Apply only load for 6 seconds, cutting speed 200mm/
Conventional cutting with only a feed speed of 50 min produces no chips at all, and the diamond file only rubs the ceramic surface, resulting in zero cutting amount. In contrast, the present invention exhibits the effect of producing white chips and being able to cut a 5 mm square surface by 18 μm in a cutting time of 6 seconds. Compared to conventional cutting, the cutting effect can be infinitely improved. This is a cutting effect that could not be achieved by any conventional cutting method. Then, the entire surface is precisely cut uniformly to a surface roughness of 6 μm Rmax without causing any chips or cracks on the end face.

In the case of the set depth of cut, the surface of a 40mm square, 1mm thick alumina flat plate can be uniformly cut with a single stroke of 0.005 to 0.01mm, and the entire surface can be cut uniformly with a radius of 6μm.
We have succeeded in mass production processing with maximum surface roughness and flatness within 2μm. Also, JP-A-60-
When compared with the superimposed vibration machining of ultrasonic vibration and low frequency vibration shown in Publication No. 44258, the cutting resistance could be drastically reduced to 1/5 of that.

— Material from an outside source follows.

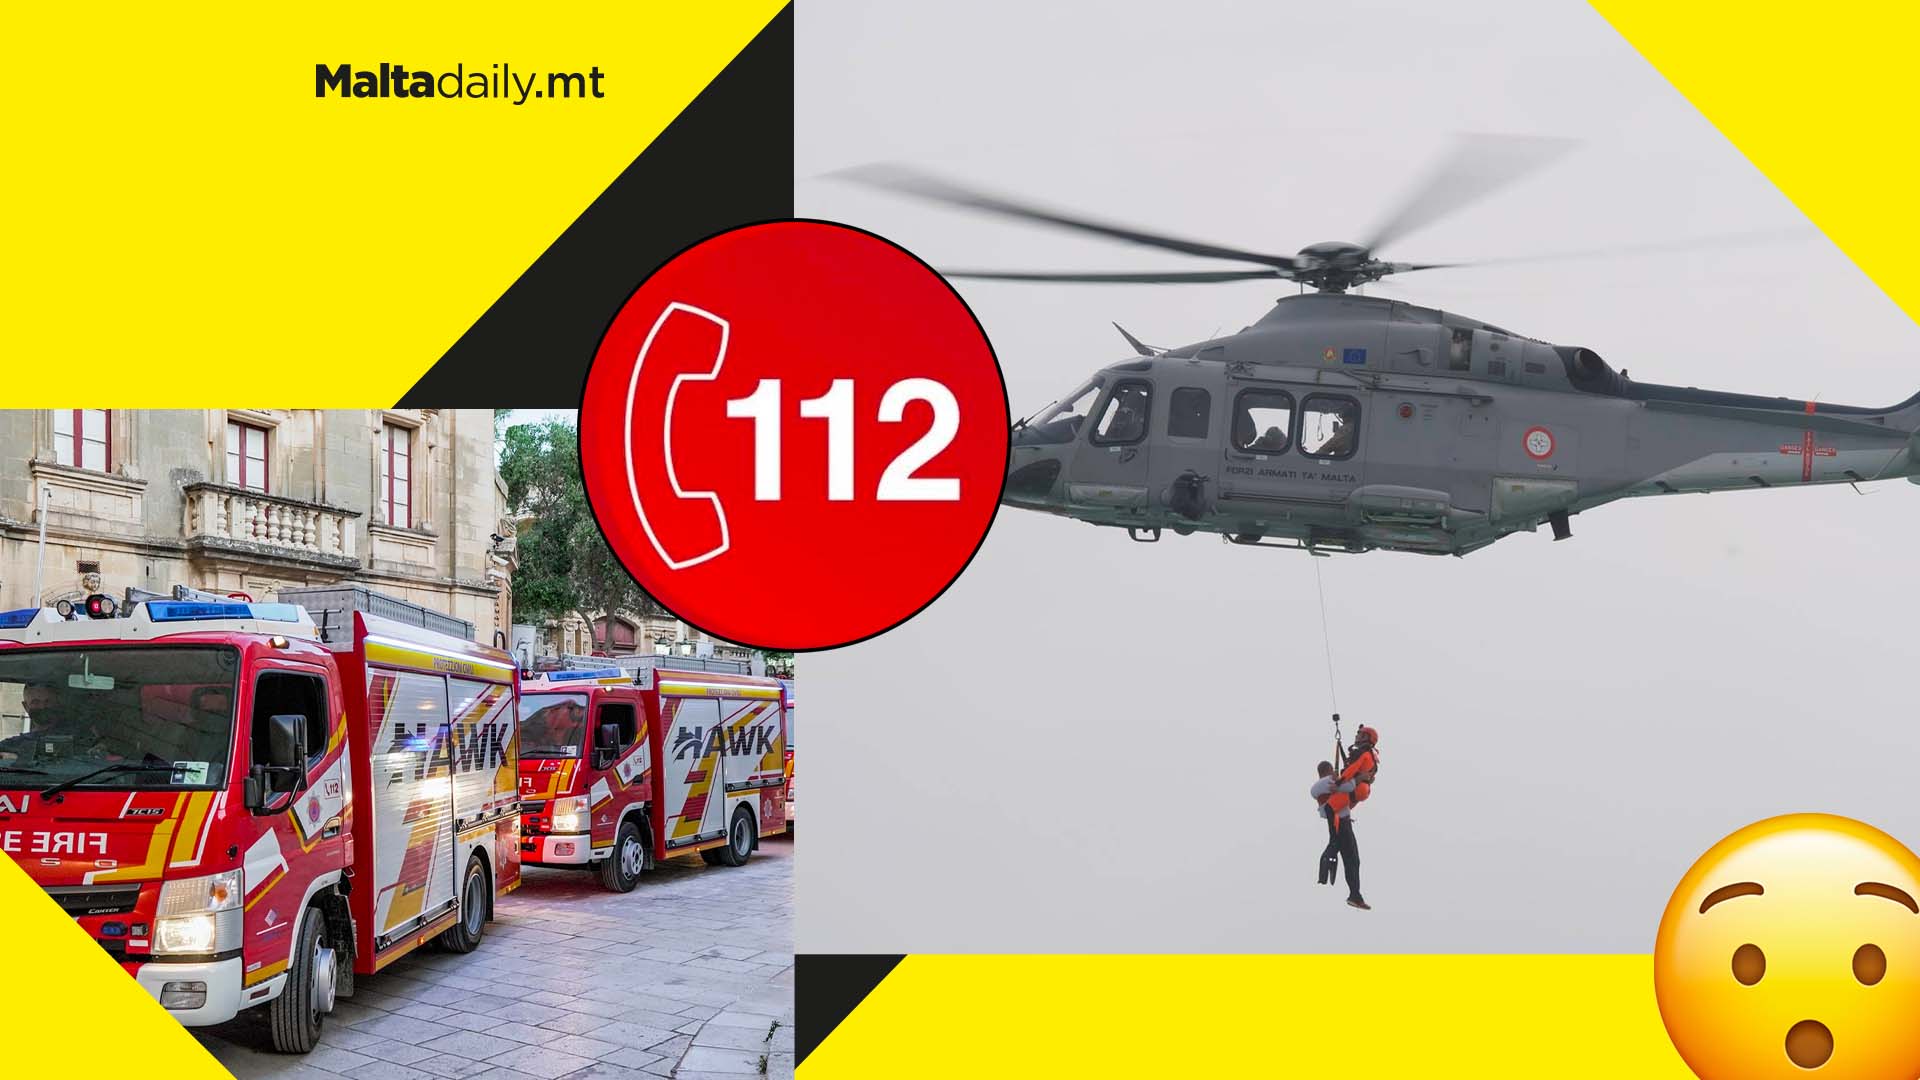 The 112 mobile app sends help directly to you in case of emergency

[Brief explanation of drawings]

The figure is a front view of one embodiment of the present invention. 3...Ceramics, 15...Low frequency vibration, 1
6... Ultrasonic vibration, 1... Vibrator, 13... Diamond tool, 8... Electric-hydraulic vibration drive device.

Claims (1)

[Claims] 1 In a vibration cutting method in which a workpiece is machined by applying superimposed vibrations of ultrasonic vibration and low-frequency vibration to a tool, ceramics are subjected to longitudinal ultrasonic vibration, and a diamond tool is subjected to ultrasonic frequency f, amplitude a, and low frequency vibration. Frequency frequency F
A method for precision vibratory plane cutting of ceramics, in which the ceramics are vibrated in the cutting direction with an amplitude of A and cutting is performed at a cutting speed of V<2πAF, and the ceramics are cut by applying an intermittent pulse cutting force waveform to the ceramics.